Бой затих, но кое-где все еще бухали взрывы и поднималась кутерьма: то выходящие из боя танки натыкались на мины. Евгений плохо слышал, о чем кричал ему Янкин: бункер… люди в бункере… чертовщина какая-то!.. Он не успел ничего сообразить, как из темноты, урча, прибился к хутору рыскающий по сторонам разбитый минораскладчик. Борта и кабина у него были снесены, задняя резина размочалена… Исковерканная близким разрывом машина ткнулась в загородку и заглохла, по ней издалека прорезалась трассирующая очередь. Пренебрегая цепочкой цветастых пуль, Евгений кинулся к висящей на одной петле дверце и выволок сникшего на руле лейтенанта. Скулы на его лице еще больше обострились, он прикрывал глаза рукой, повторяя: «Я просил ракету… ракету…»
Ракета, сигнал к отходу из секторов обстрела дивизиона, не появилась потому, что командир дивизиона со своей ячейкой управления угодил под прямое попадание… Но что могло дать это объяснение лейтенанту? Янкин по-прежнему что-то кричал, и Евгений поволок лейтенанта на голос.
— Черт знает, откуда они!… Черт знает!.. — выкрикивал Янкин.
Евгений заглянул в лаз, В погребе горела плошка, на земляном полу виднелась женщина с ребенком на коленях. Она исподлобья косилась на военных, руки и ноги судорожно упирались в пол. Женщина со страхом пятилась к задней стенке.
— На машину! — коротко бросил Евгений. Он не признал в испуганной и распатланной женщине свою недавнюю хозяйку — Саломею, которая боялась возвращения в город немцев и на велосипеде укатила с девочкой на знакомый хутор.
Внезапно хутор оказался в самом пекле, нужно было отправить раненых, а вместе с ними и женщину с ребенком.

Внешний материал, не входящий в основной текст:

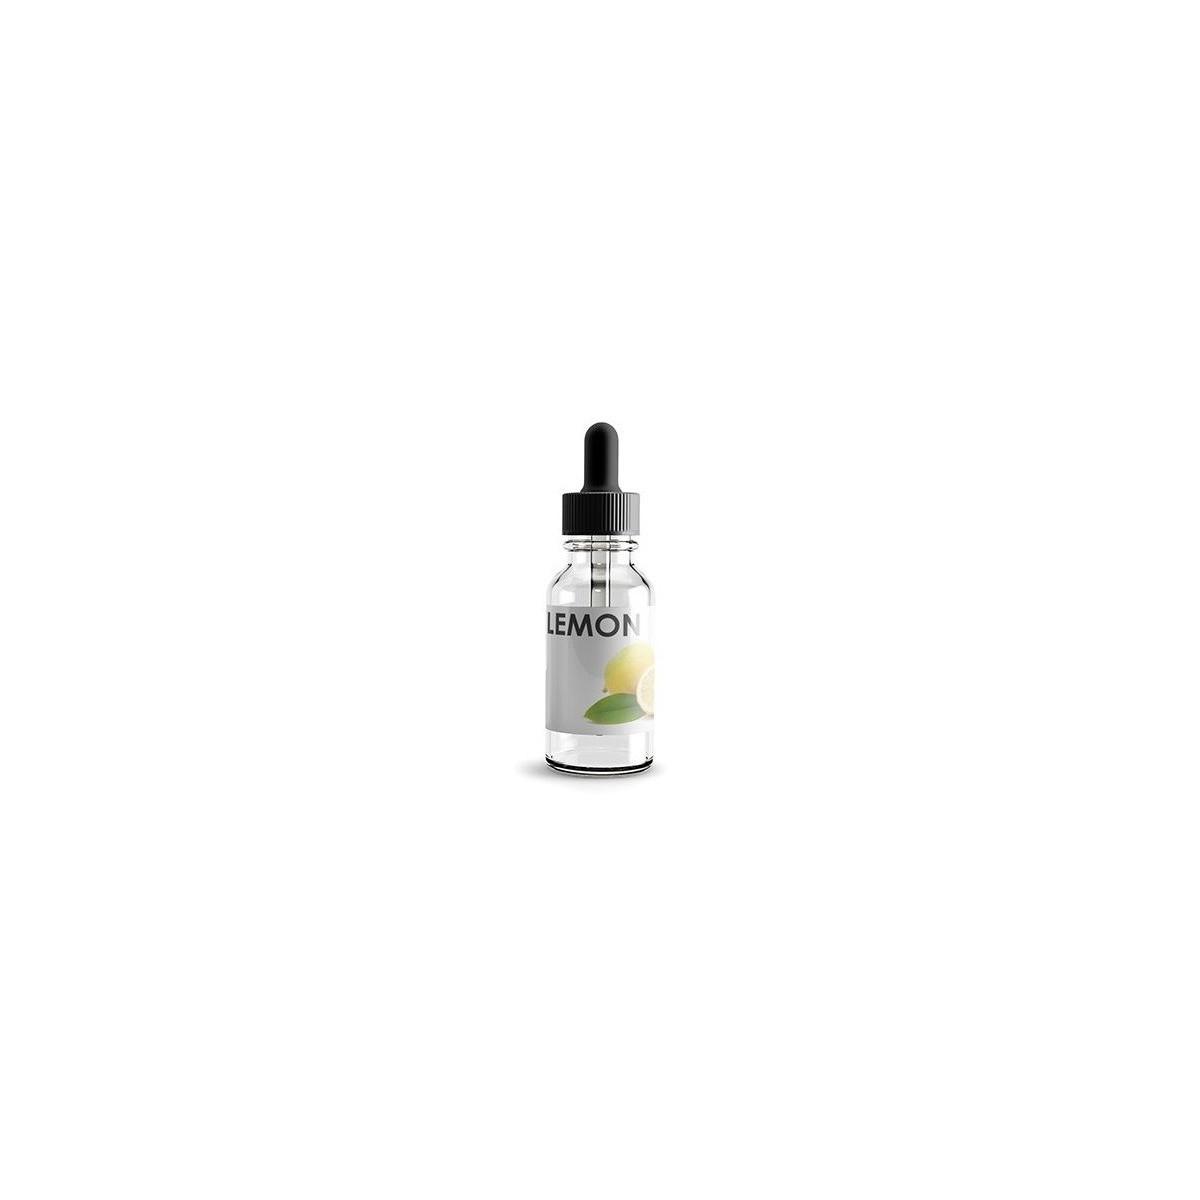 Lemon  -  Aroma Concentrato  Delixia 10 ml

Янкин окликнул ее, но она будто не слышала и пятилась к уставленной бочками стене. На траве, возле погреба, стонал лейтенант; Янкин кинулся за подмогой, привел Сашку с Алхимиком.
— Берите, — ткнул пальцем в лейтенанта, а сам полез в погреб. Он спустился к онемевшей от страха женщине, поднял ее и подтолкнул к выходу. — Наверх… спасаться… — приговаривал он. Ребенок уткнулся в бархатную кацавейку матери, которая подступила к лестнице и неловко нащупывала ногой нижнюю перекладину.
— Живей! — потребовал Евгений.
— О, русски… — стонала перепуганная женщина, медленно, в растерянности поднимаясь из своего укрытия.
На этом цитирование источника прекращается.